Les participants avaient une connaissance suffisante du dépistage du cancer broncho- pulmonaire (51%), plus souvent que les non-participants (38% ; p = 0,009). (43)

Une enquête réalisée en 2016 au Pays de Galles, auprès de 1007 adultes âgés de 16 ans et plus, avait pour objectif de comprendre les obstacles au dépistage du cancer broncho- pulmonaire, si celui-ci était introduit. Les facteurs déterminants ont été examinés à l'aide d'une régression multivariable ajustée en fonction de l'âge, du sexe, du groupe social et des croyances sur le cancer broncho-pulmonaire. Les résultats étaient les suivants :

L’évitement du dépistage du cancer du poumon, dû à la peur de ce que l’on pouvait trouver, était associé de manière statistiquement significative à des convictions négatives concernant le cancer du poumon, notamment un fatalisme (AOR = 8,8, IC 95 % = 5,6- 13,9, p ≤ 0,001), une perception négative des symptômes (AOR = 2,4, IC 95 % = 1,5-3,9, P ≤ 0,001) et la faible efficacité du traitement (AOR = 0,3, IC = 0,2-0,7, P ≤ 0,01). (44)

Ils suggéraient par conséquent la mise en place de campagnes de sensibilisation auprès du public, mettant l’accent sur les avantages du dépistage, pour modifier les croyances fatalistes sur la survie et le traitement du cancer broncho-pulmonaire, avant la mise en œuvre d'un programme de dépistage du cancer du poumon.

En effet, l'information des personnes à haut risque est cruciale pour l'efficacité du dépistage du cancer broncho-pulmonaire et ainsi optimiser son rapport bénéfice-risque.

En effet, 88% des décès évités par le NLST concernaient les participants classés dans les trois quintiles les plus à risque. Toutefois, le nombre d'inscriptions aux essais cliniques a été faible: moins de 5% des personnes invitées appartenant à la tranche d'âge visée ont participé. (45)

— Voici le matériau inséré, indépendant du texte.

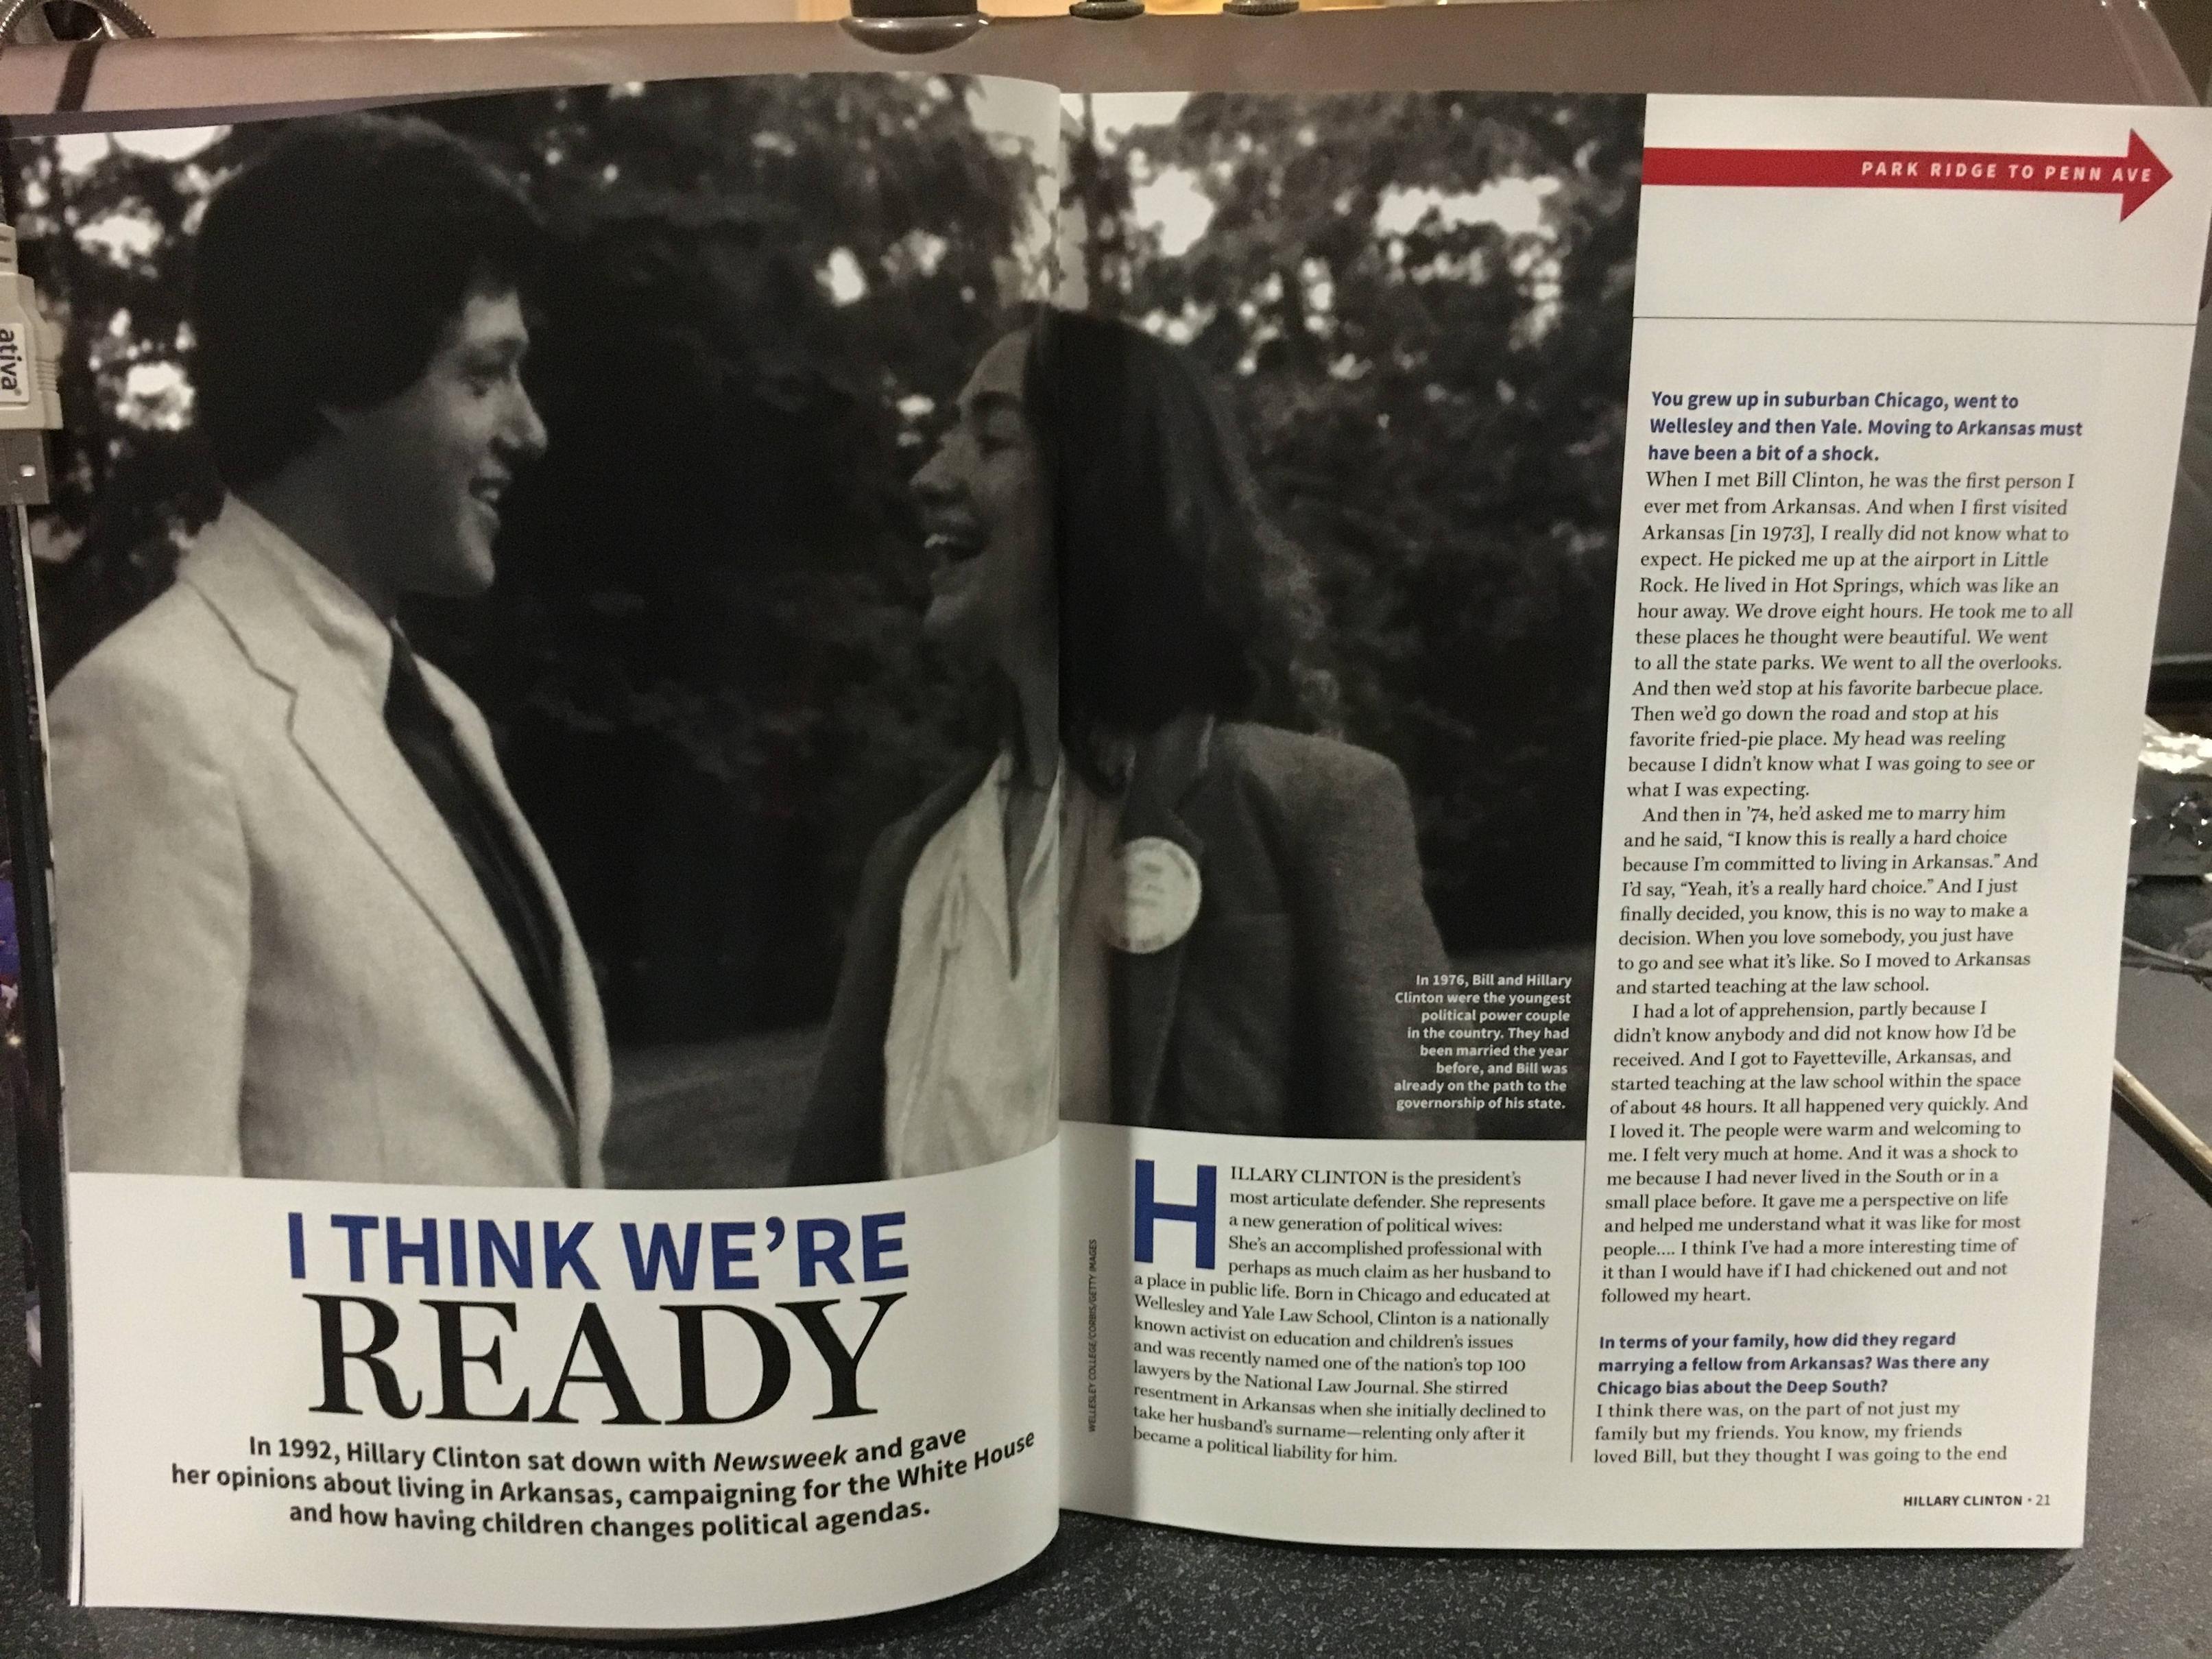 newsweek-madame-hillary-clinton-page-10

Cinq médecins interrogés au cours de notre étude nous ont également suggérés l'idée d'une campagne d'informations auprès des patients éligibles afin d'améliorer leur adhésion. L’information des patients permettrait également aux médecins généralistes d'aborder le sujet plus facilement car les patients pourraient éventuellement consulter pour cet unique motif.